Yo sé, joven, que la infancia y la adolescencia de esa muchacha fueron difíciles. Y lo discutí varias veces con Julio César. Yo sé lo del padre: un borrachín. (un tipo mierda pero cuánta gente no viene de tipos mierdas verrugas pústulas sociales Julio César) Pero era una familia humilde, proletaria, no se crió entre burgueses con deformaciones de clase. Y la extracción clasista es esencial para incorporarse al Proceso. (no jodas Julio César no hay putas por deformación genética aunque esta muchacha venga a plancharle los pliegues sicológicos con su trabajo de diploma y sus estadísticas) Uno tiene que evaluar actitudes y no se puede andar con flojeras que ni la ayudan a ella ni al país. Cuántos compañeros no he visto sancionar, porque metieron la pata hasta la ingle, y después salen a flote, echan palante. Tienen buena sangre aunque se hayan equivocado. A ninguno se le ocurriría la solución de ella, que es la más fácil. De acuerdo. No será. Pero es la más a mano. La que la saca definitivamente del problema.

Pidió la baja antes de terminar el segundo semestre. Con la muerte del viejo disminuyeron los ingresos, y ella me dijo que «trabajando ayudaré; después... en curso para trabajadores termino la carrera». Le gestionamos un estipendio, un préstamo. Pero no. Aunque el padre siguiera agonizándolas como en los últimos diez años, se habría ido. No se puede resolver un integral de volumen con mariposas, pajaritos y flores torcidas. Su irresponsabilidad —pensábamos entonces— es impecable, o casi.

Ellos no me vieron en La Torre, pero podrían haber virado de cabeza el mirador y poner La Habana a contemplar sus ojos, fijos en aquel hombre que se sentía dueño de su respiración y de sus manos. Nunca como mi arca y mi paloma. De nuevo parecía que entre sus senos hubiera salido el sol; esta vez sin eclipses.

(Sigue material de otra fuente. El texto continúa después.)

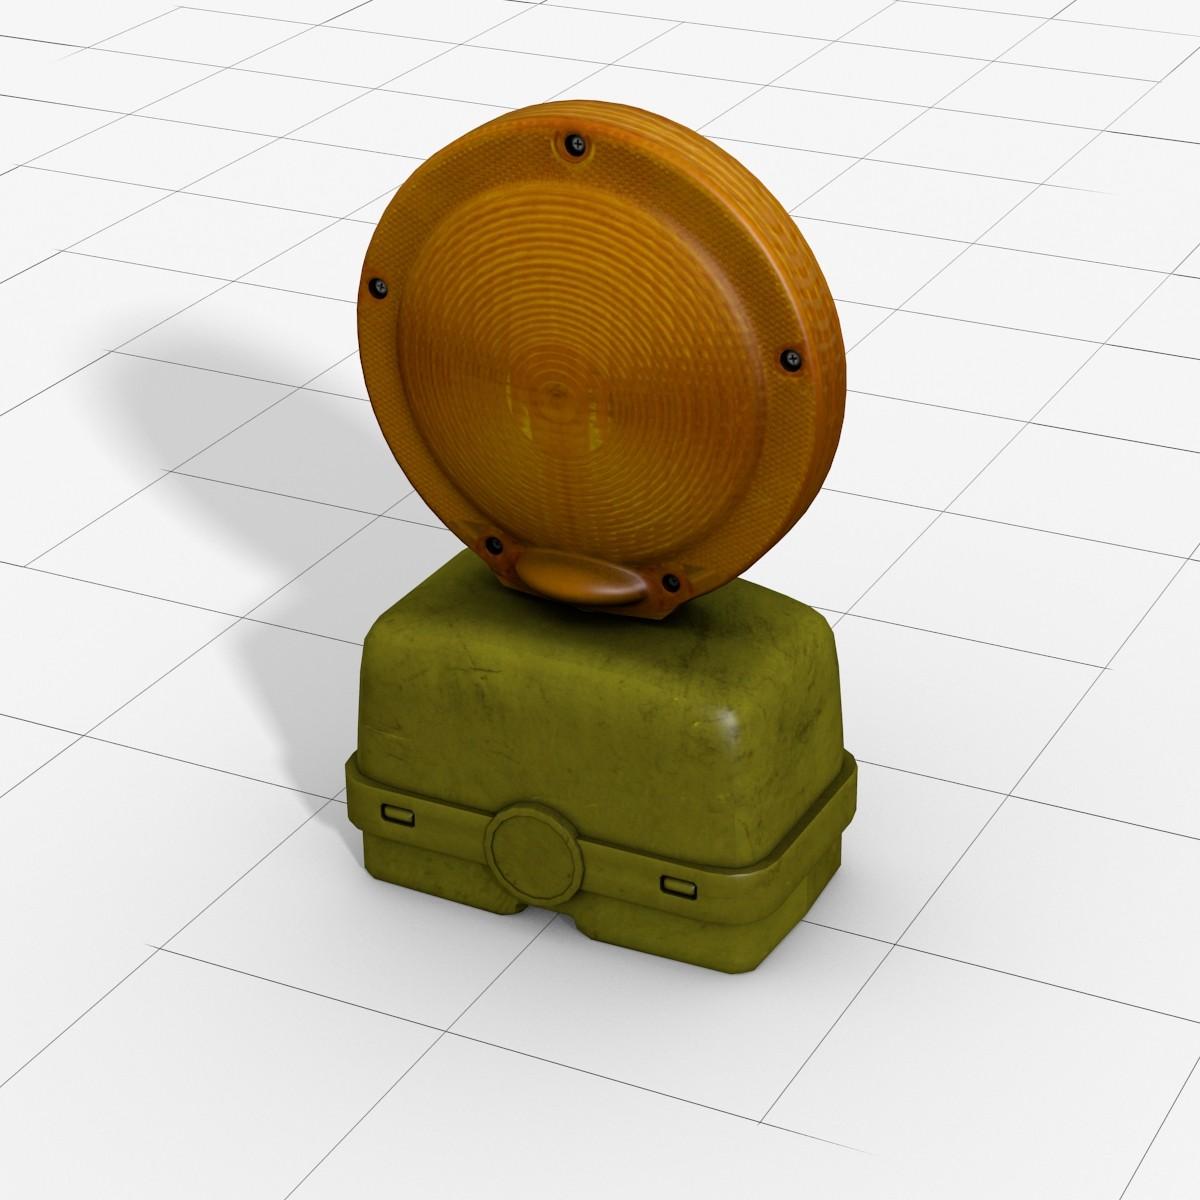 Barricade Flasher_3d Model.jpg

Bien entrado diciembre, a la salida de un laboratorio con David Crockett (el autor y su obra), apareció Tere por sorpresa. Traía una felicidad perfectamente nueva: estratégica, no táctica. Y no la de antes: aquella felicidad de emergencia, de primeros auxilios. Contó que daba clases al cuarto grado en una escuela primaria. Que fue Vanguardia el semestre pasado. Había matriculado Inglés por examen de ingreso, y estaba propuesta para pasar un curso de capacitación por un año en Alemania. Se casaría en febrero, antes de irse a Europa, con su jefe de cátedra, el dueño de sus manos en la Torre. Traía una carta de la escuela solicitando a la facultad algunos documentos imprescindibles para el viaje. Desempacó la sonrisa, que de algún modo le había retoñado, y nos obsequió una porción per cápita.

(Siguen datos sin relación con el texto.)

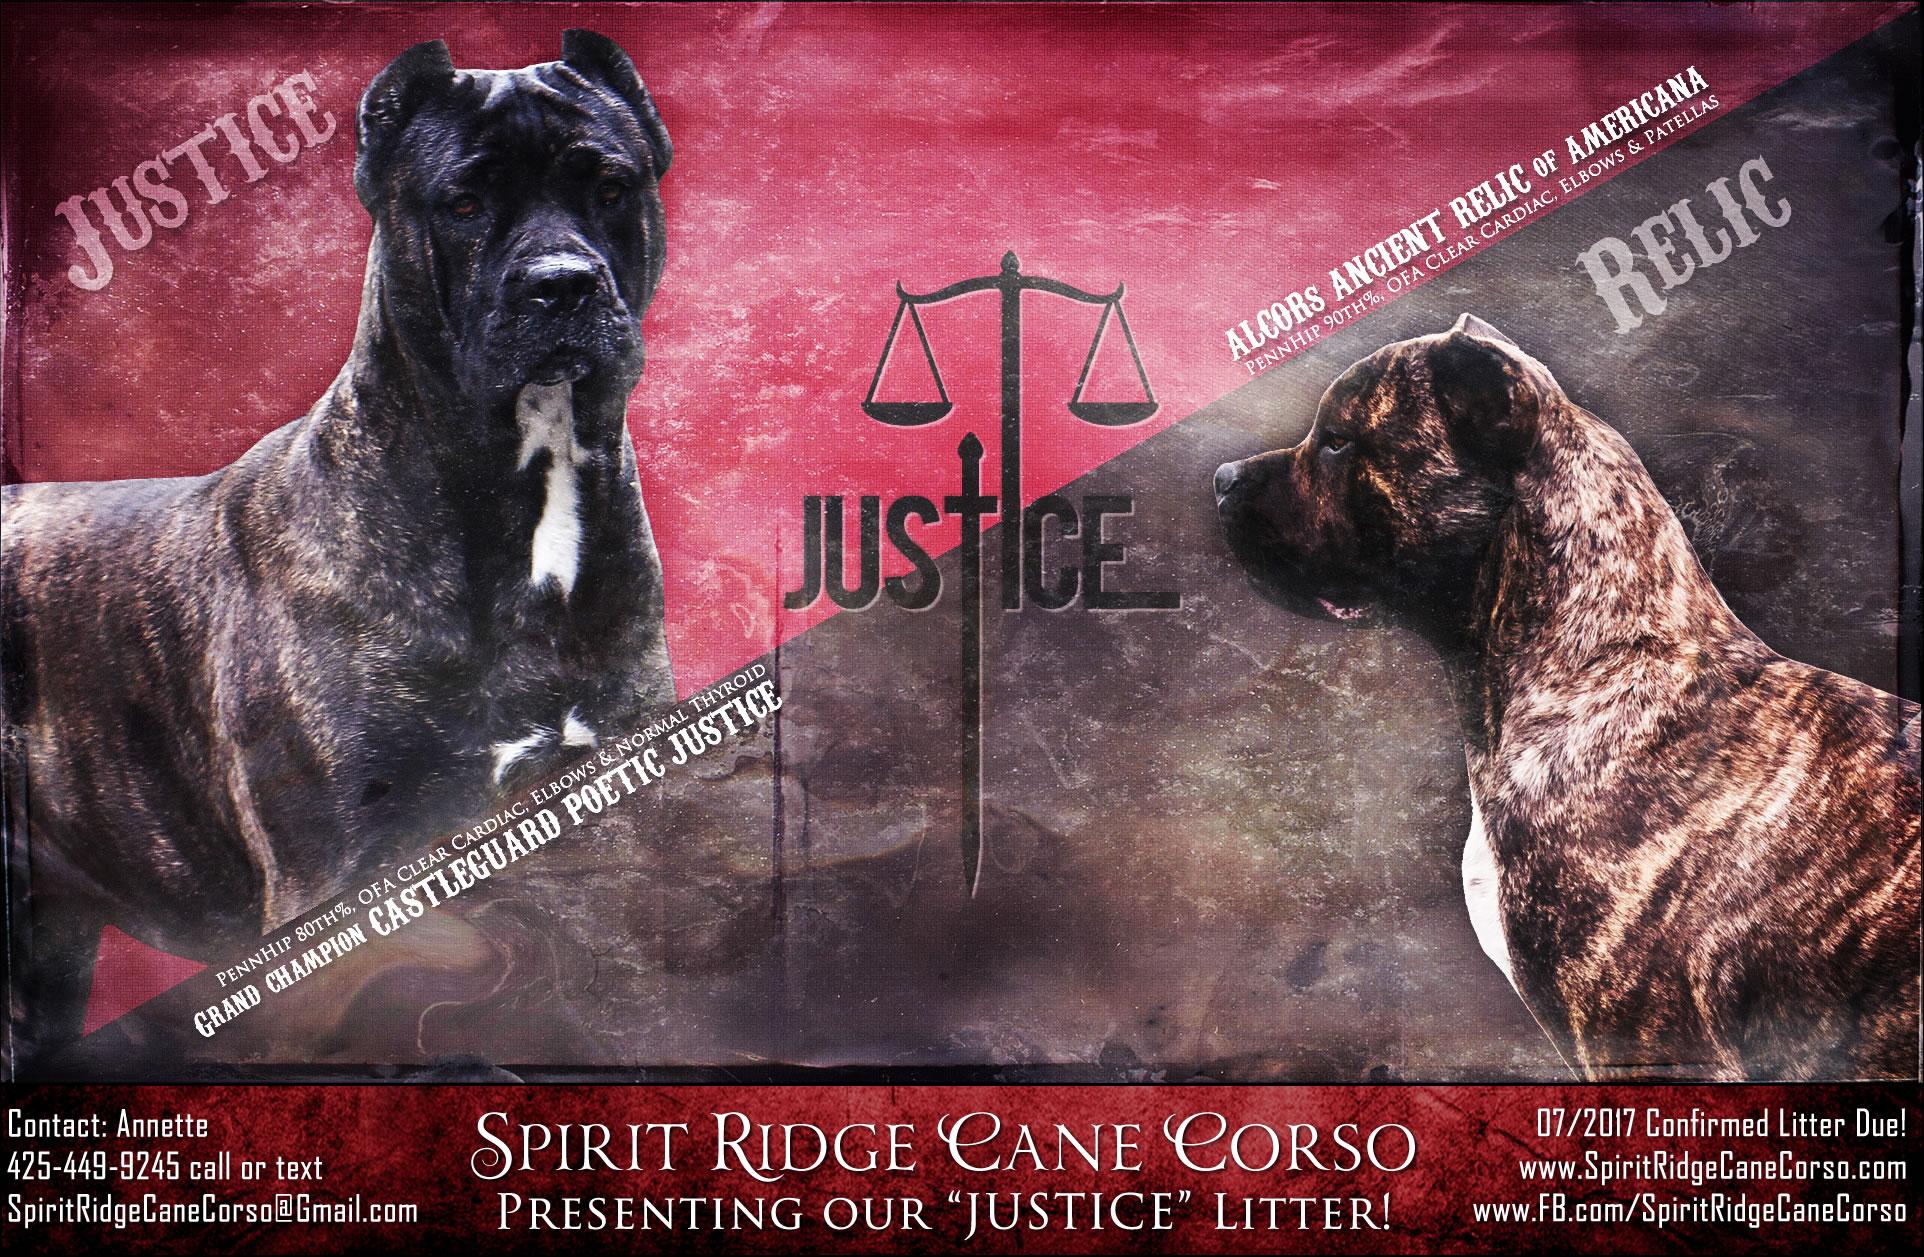 Spirit Ridge Cane Corso

Y eso nadie lo podía predecir. Los posgrados para adivino no han empezado. A todos nos asombró que ella, precisamente ella, (desfachatadamente viva) fuera a hacerlo. Tan increíble como el cambio que supuestamente dio en seis meses. Yo sigo sin creérmelo. Pero nuestra responsabilidad no era esa, sino el tiempo que estuvo aquí. Lo único que consignamos en el informe fue eso: su actitud durante su paso por la Facultad. No fuera después a pedir asilo político por ahí y vinieran con que no lo advertimos. Si otros no cumplen con sus obligaciones, allá ellos.

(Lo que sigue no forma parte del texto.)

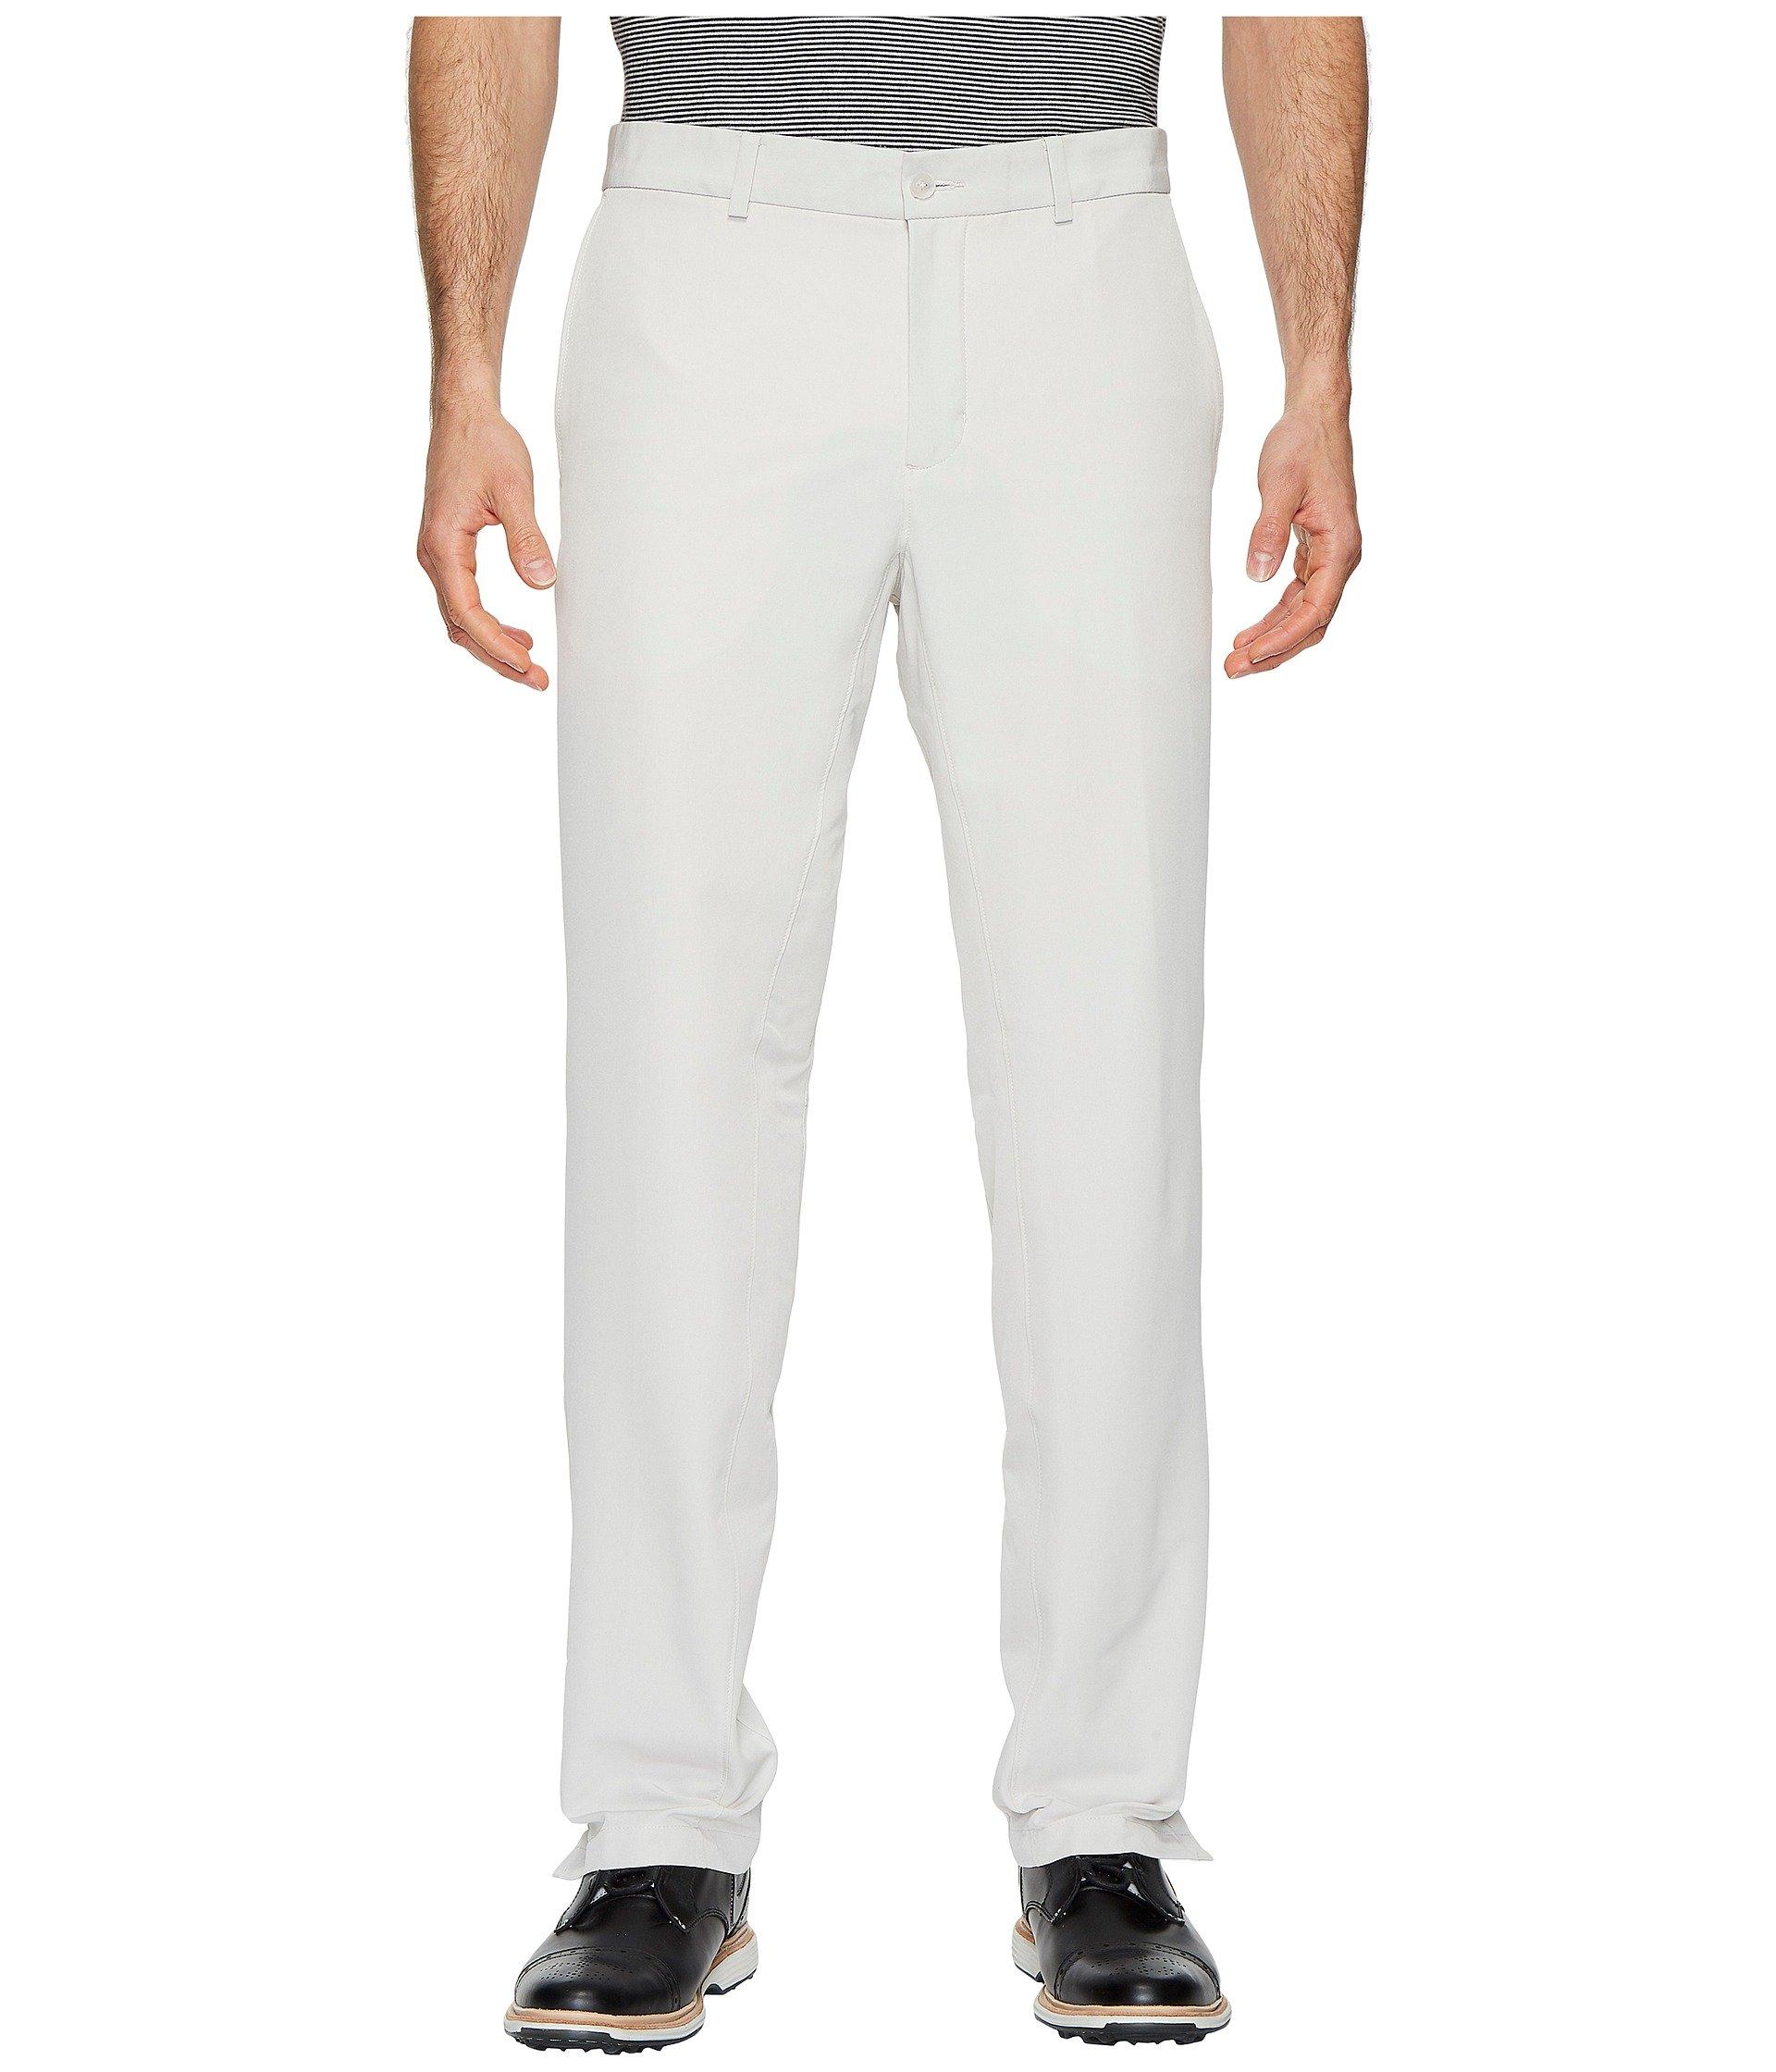 NIKE Men's Flex Hybrid Golf Pants, Light Bone/Light Bone, Size 33/34 by Nike

Del resto nos enteramos a retazos: cuentos de cuentos, comentarios de segunda y hasta tercera mano, pasajes deshilvanados que se iban juntando para armar la geometría de un desenlace. Aprovechando los precios y la escasa demanda del invierno, Teresa y su casipresunto marido se fueron a Jibacoa por el fin de semana. El domingo, ya de regreso, comieron en Bacunayagua. El tipo de La Torre pudo ir soltándole entonces, entre el café y los postres, entre el paisaje y la noche, todo lo que le traía atragantada la ternura desde el jueves: la carta de la Facultad que declaraba a Teresa persona non confiable. Y le contó el discurso de la directora en el Consejo, explicándoles que no sólo se suspendía el viaje de Teresa a Alemania, sino que su conducta en la Universidad, incompatible con la función docente, la obligaba a iniciar un proceso para su separación de la enseñanza.

─El lunes te llamarán a la dirección para comunicártelo, Teresa. Tú sabes que yo te amo, que no creo en nada de eso. ¿Me comprendes? Tiene que haber un error. Pero los documentos dicen… ¿me comprendes? Yo sé que no puede ser, pero, de momento, tú sabes. Los documentos. Así que te lo ruego. Compréndeme. Tú sabes que yo te amo, por ahora no podemos.

─¿No podemos qué?

─Cuando se aclare... entonces... pero por ahora no podemos. Mi trayectoria como dirigente de la educación, ¿entiendes lo que digo, Teresa? No es que yo no te quiera, pero no puede ser... Tú y yo. O si nos viéramos en sitios discretos, y que los de la escuela no... Por ahora, ¿entiendes?

Ella entendió.

Bajó las escaleras mientras él se demoraba con la cuenta.

Cuando él llegó hasta la carretera, ella caminaba sobre el puente hacia el centro de la noche.

Él se apresuró para alcanzarla, pero ella lo detuvo:

─Párate. No camines, o me tiro.

Él tuvo miedo. Por ella o por él. Cualquiera sabe.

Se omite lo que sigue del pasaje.